Opinion
2011-11-9
Lynn W.L. Fahey, New York, N.Y. (Allegra Glashausser of counsel), for appellant.Charles J. Hynes, District Attorney, Brooklyn, N.Y. (Leonard Joblove and Howard B. Goodman of counsel), for respondent.
Appeal by the defendant from a judgment of the Supreme Court, Kings County (Firetog, J.), rendered February 1, 2010, convicting him of manslaughter in the first degree and criminal possession of a weapon in the fourth degree, upon a jury verdict, and imposing sentence.
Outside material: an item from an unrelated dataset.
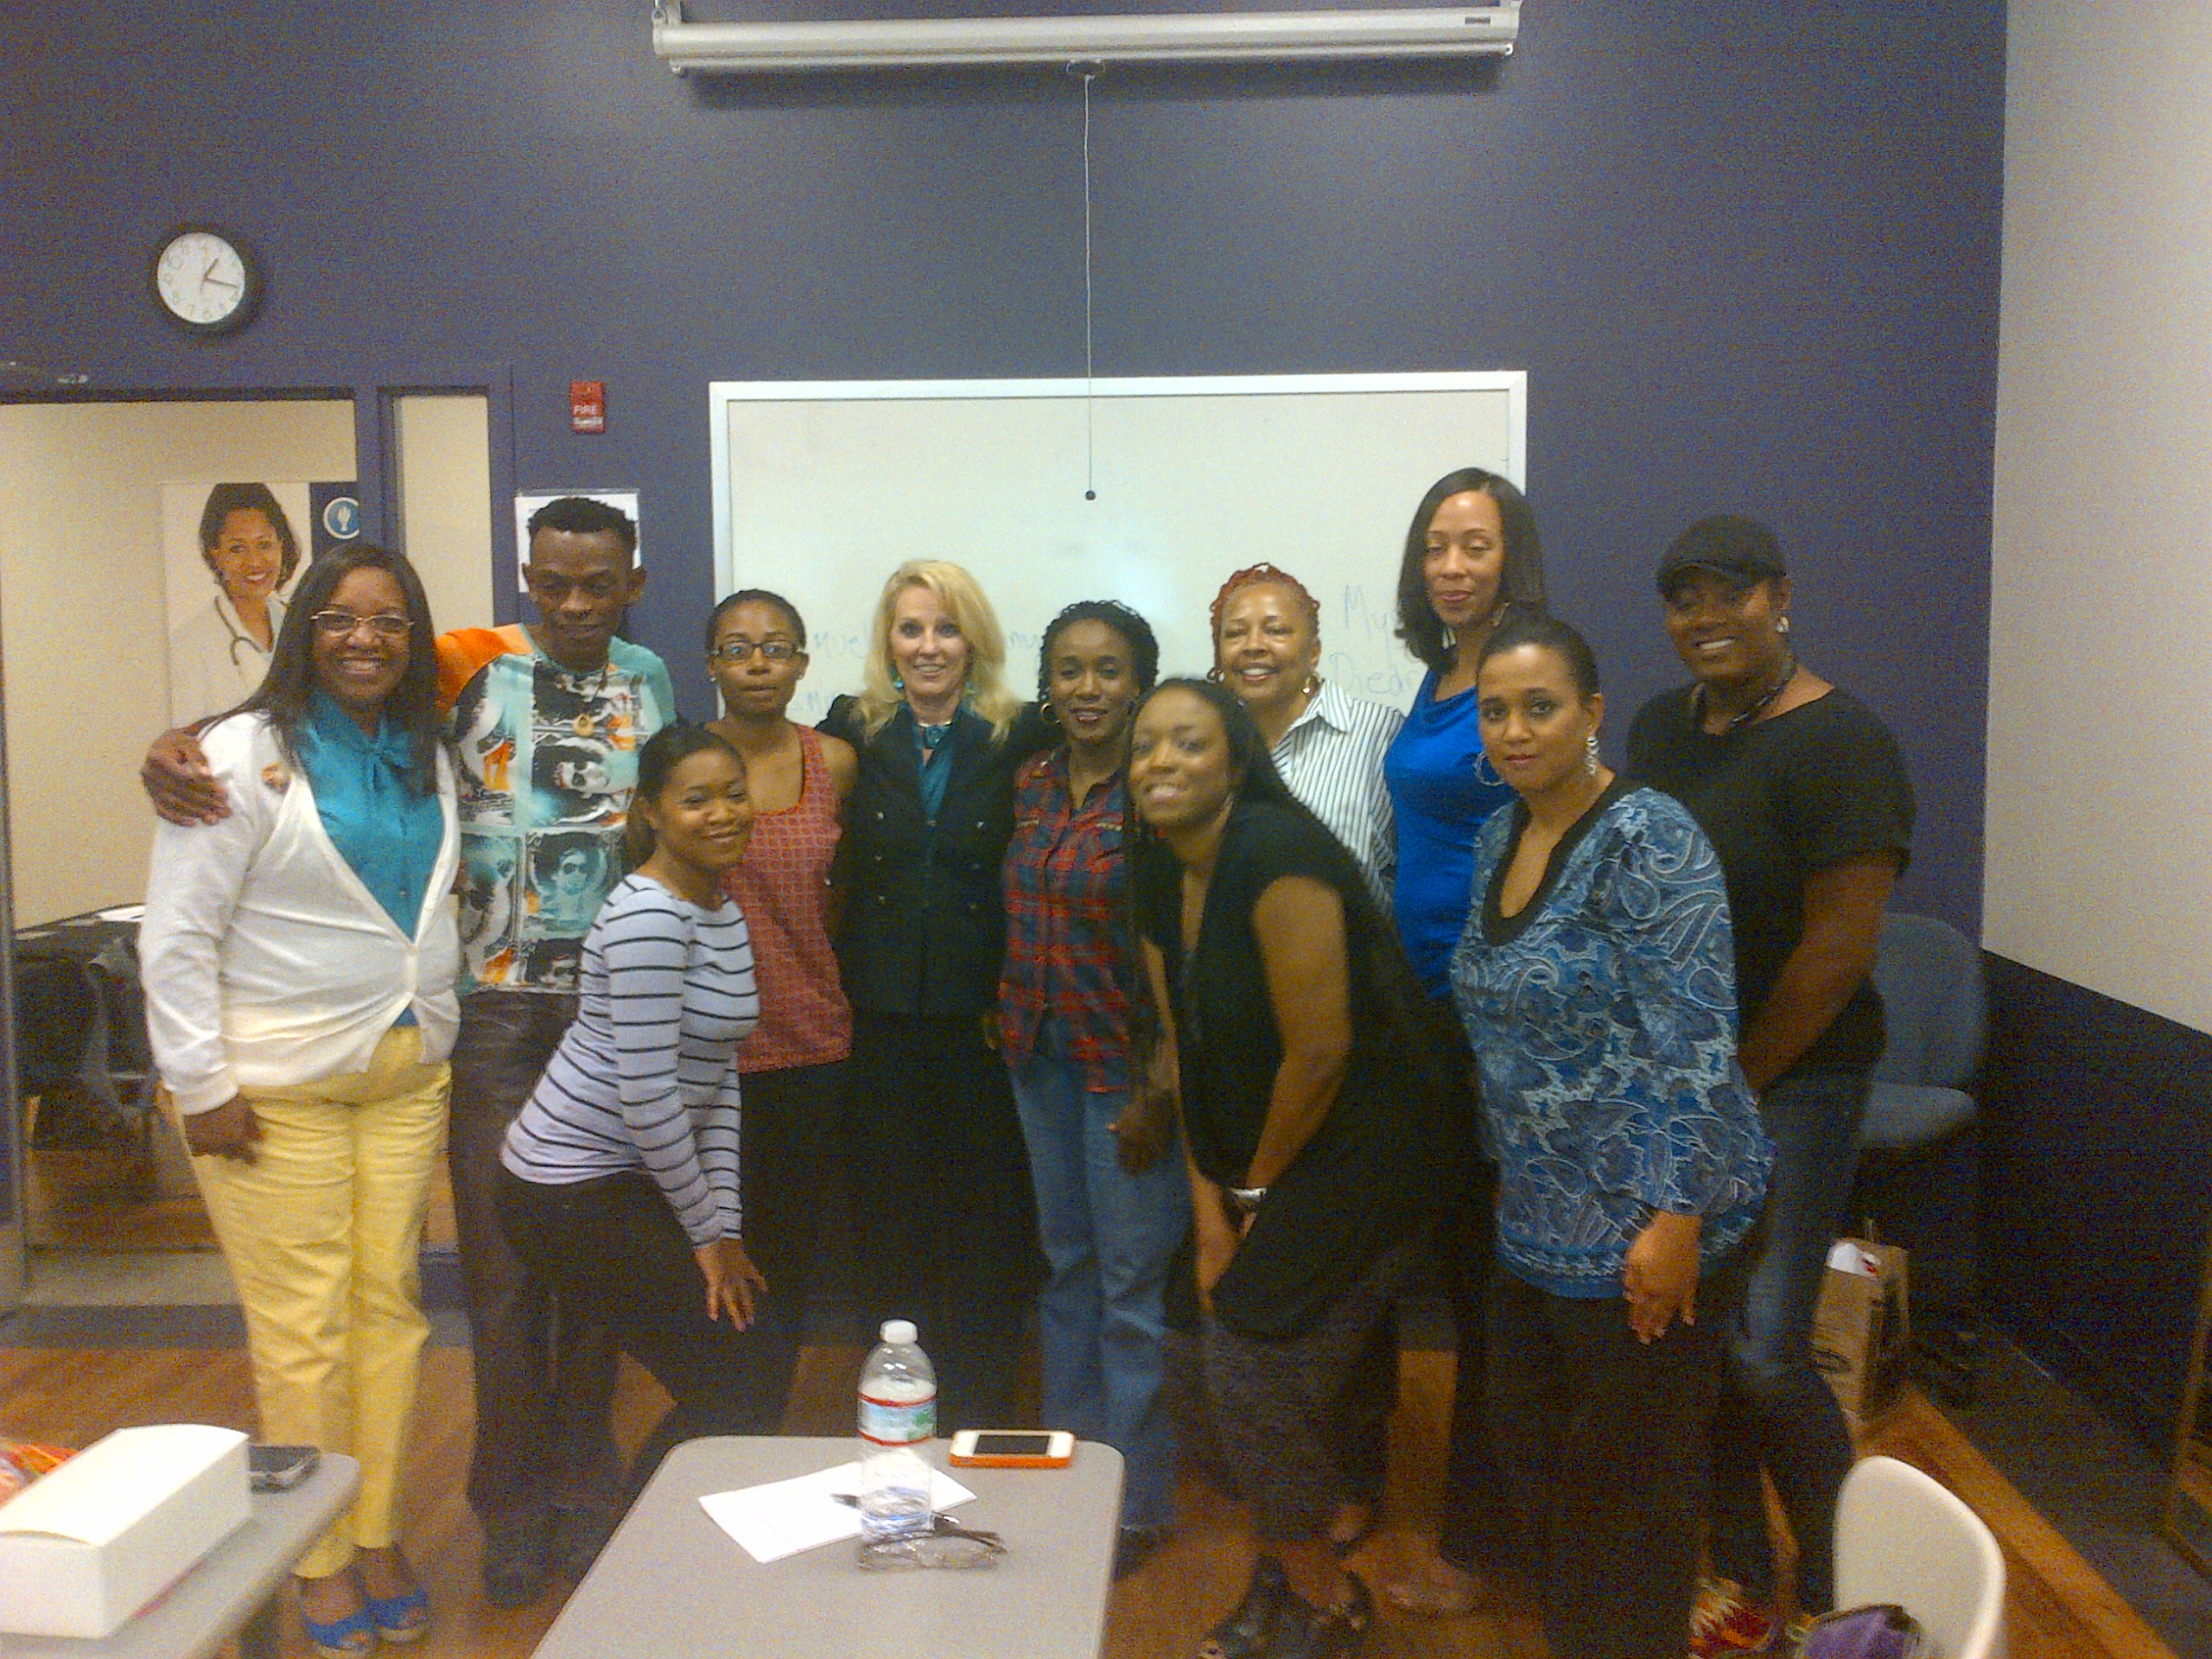 Women in TV and Film of Atlanta Workshop given by former CNN legal correspondent Holly Hughes.

ORDERED that the judgment is affirmed.
The defendant was indicted on charges of, inter alia, murder in the second degree. At trial, he requested that the court charge the lesser-included offenses of manslaughter in the first degree and manslaughter in the second degree. The Supreme Court properly denied the defendant's*356 request to charge manslaughter in the second degree as a lesser-included offense of the charge of murder in the second degree. Viewing the evidence in the light most favorable to the defendant, there was no reasonable view of the evidence that would support a finding that the defendant acted recklessly when he stabbed the decedent ( see People v. Lopez, 72 A.D.3d 593, 593–594, 899 N.Y.S.2d 230; People v. Collins, 290 A.D.2d 457, 458, 736 N.Y.S.2d 109; People v. James, 284 A.D.2d 549, 727 N.Y.S.2d 626; People v. Barnes, 265 A.D.2d 169, 695 N.Y.S.2d 362; People v. Porter, 161 A.D.2d 811, 556 N.Y.S.2d 139).
The sentence imposed was not excessive ( see People v. Suitte, 90 A.D.2d 80, 455 N.Y.S.2d 675).
RIVERA, J.P., ANGIOLILLO, BELEN and ROMAN, JJ., concur.